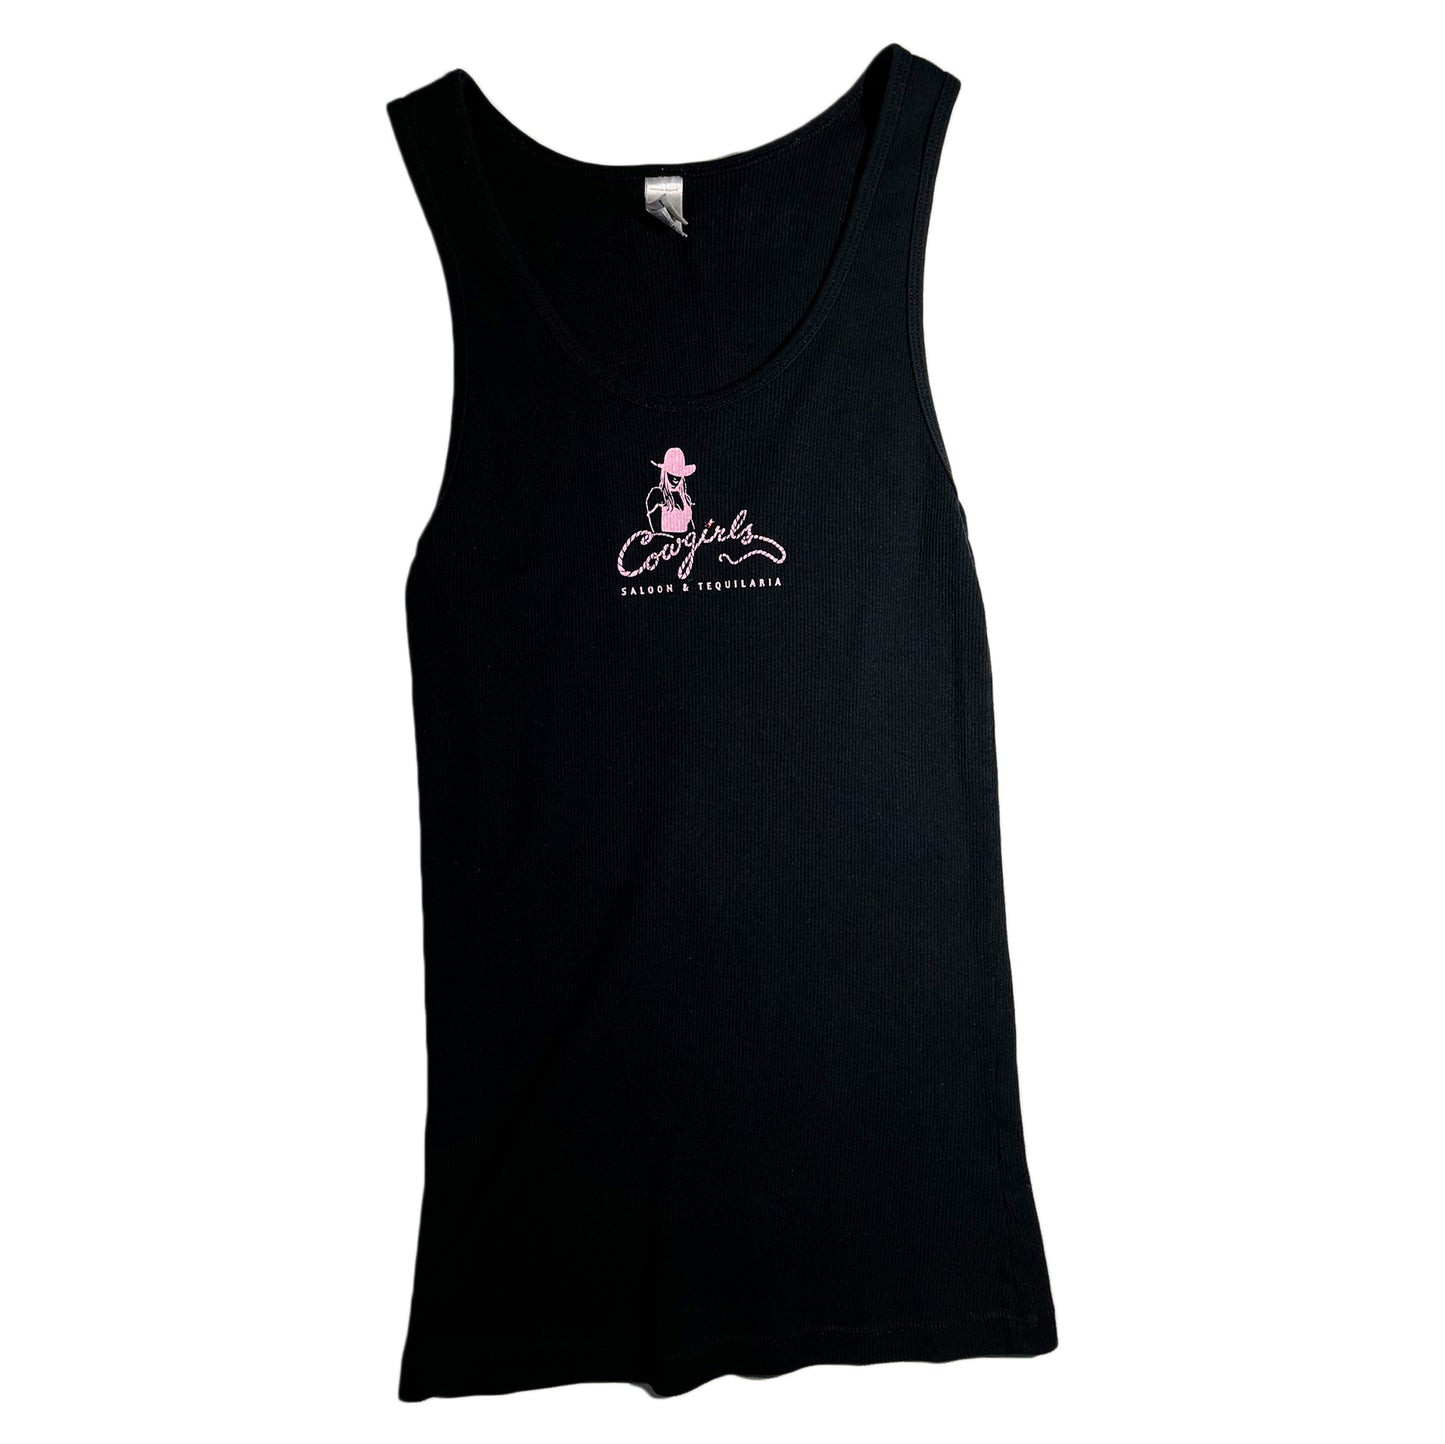 Vintage Cowgirls Tank Top Tequila
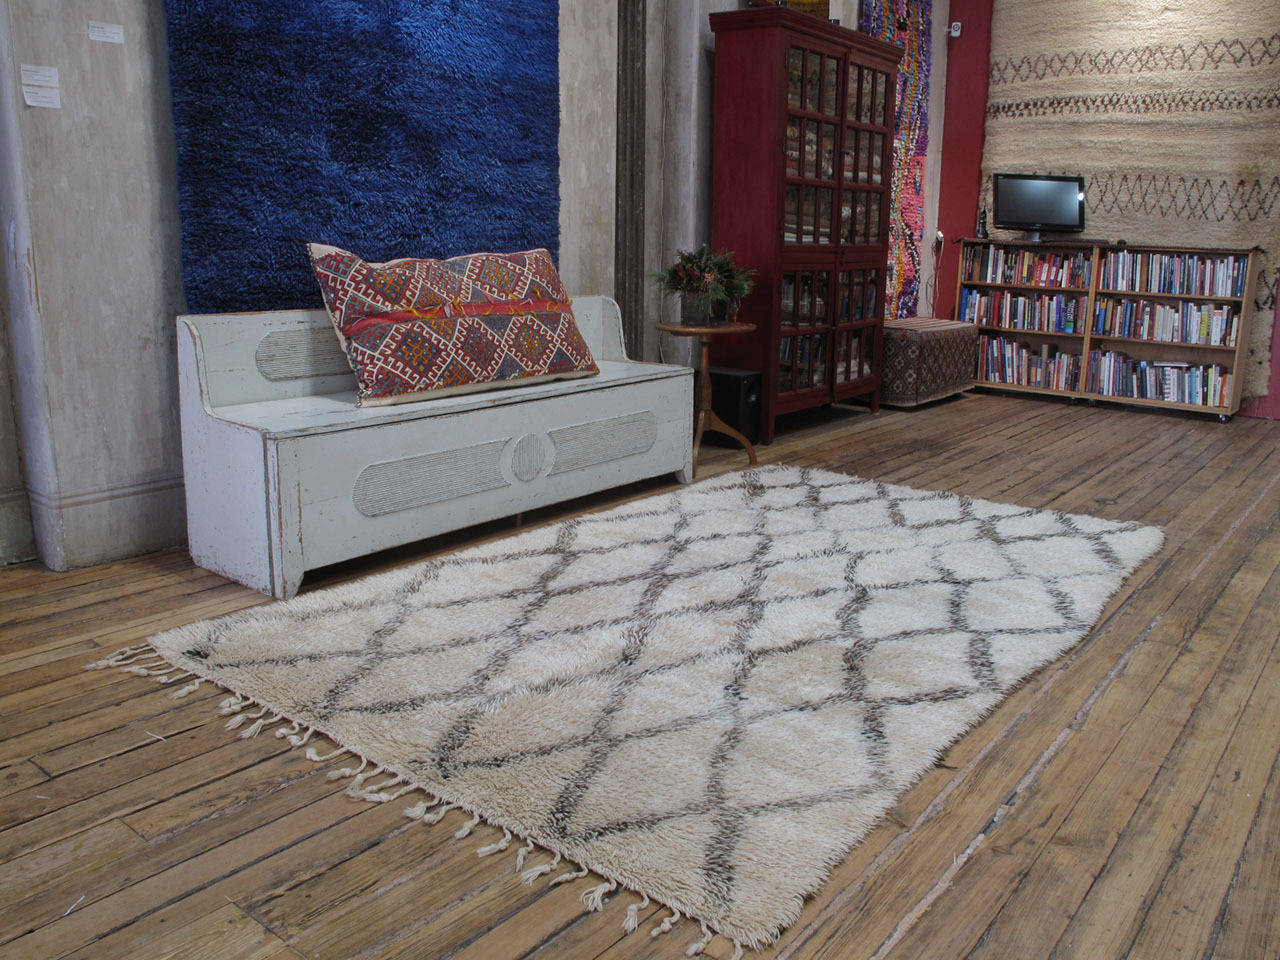 A very charming Moroccan Berber rug by the Beni Ouarain tribes of the middle Atlas Mountains, who used these large rugs as beds in their tents and cottages. The Classic diamond grid design is executed with pleasing irregularities. The wool has a
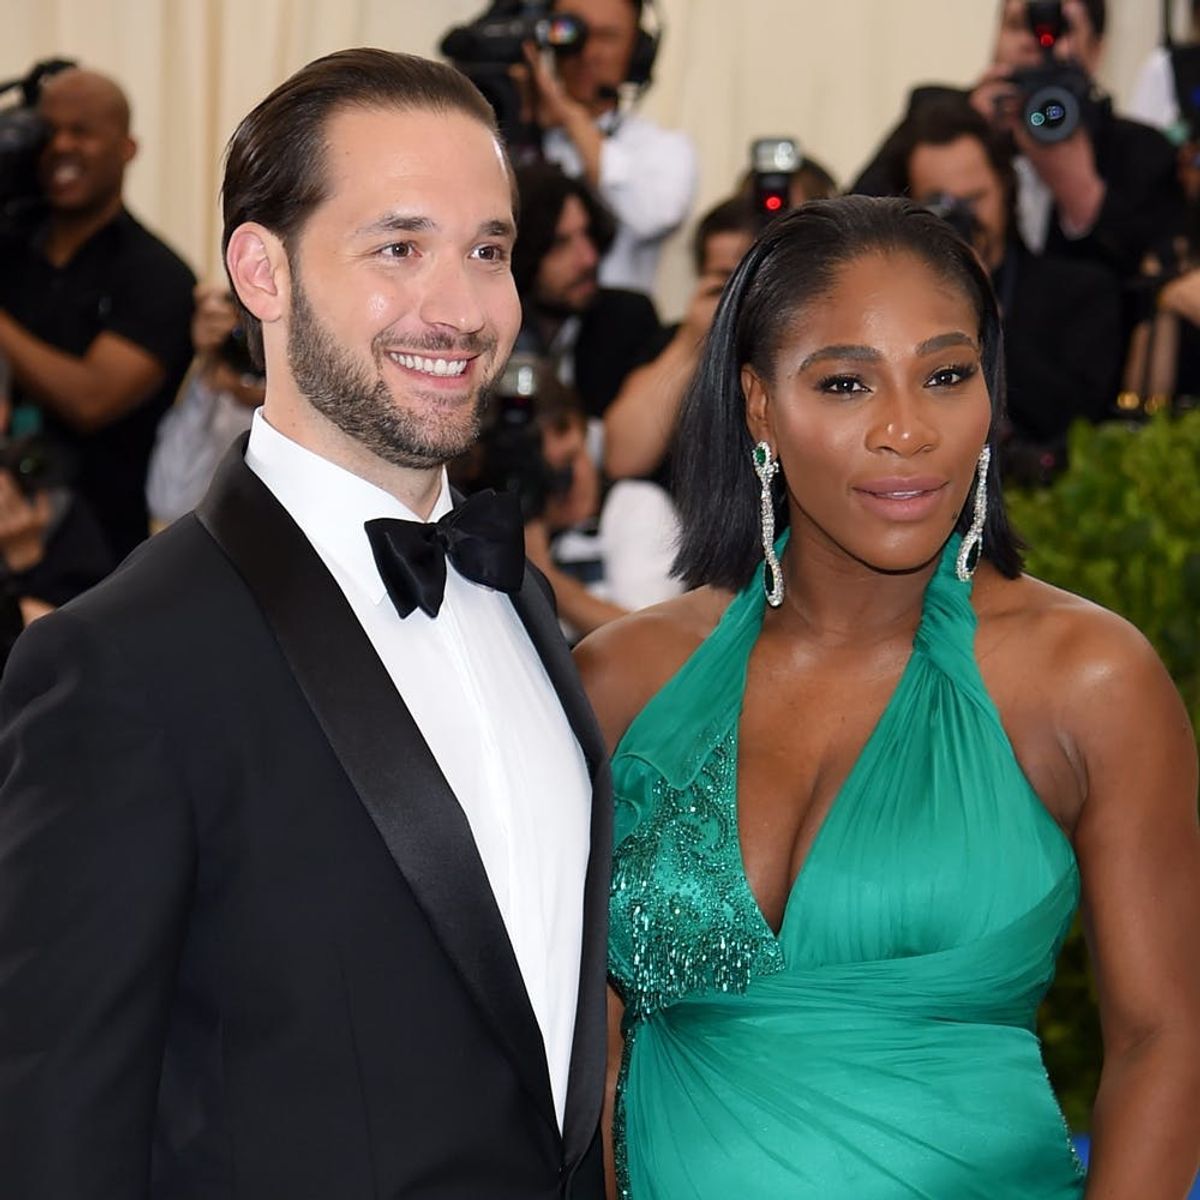 Alexis Ohanian’s Instagram Note to New Wife Serena Williams Will Melt Your Heart

**What you will do**
Copy the listing exactly but drop its images.

**Result below**
 Vintage Cowgirls Tank Top Tequila
 A very charming Moroccan Berber rug by the Beni Ouarain tribes of the middle Atlas Mountains, who used these large rugs as beds in their tents and cottages. The Classic diamond grid design is executed with pleasing irregularities. The wool has a
 Alexis Ohanian’s Instagram Note to New Wife Serena Williams Will Melt Your Heart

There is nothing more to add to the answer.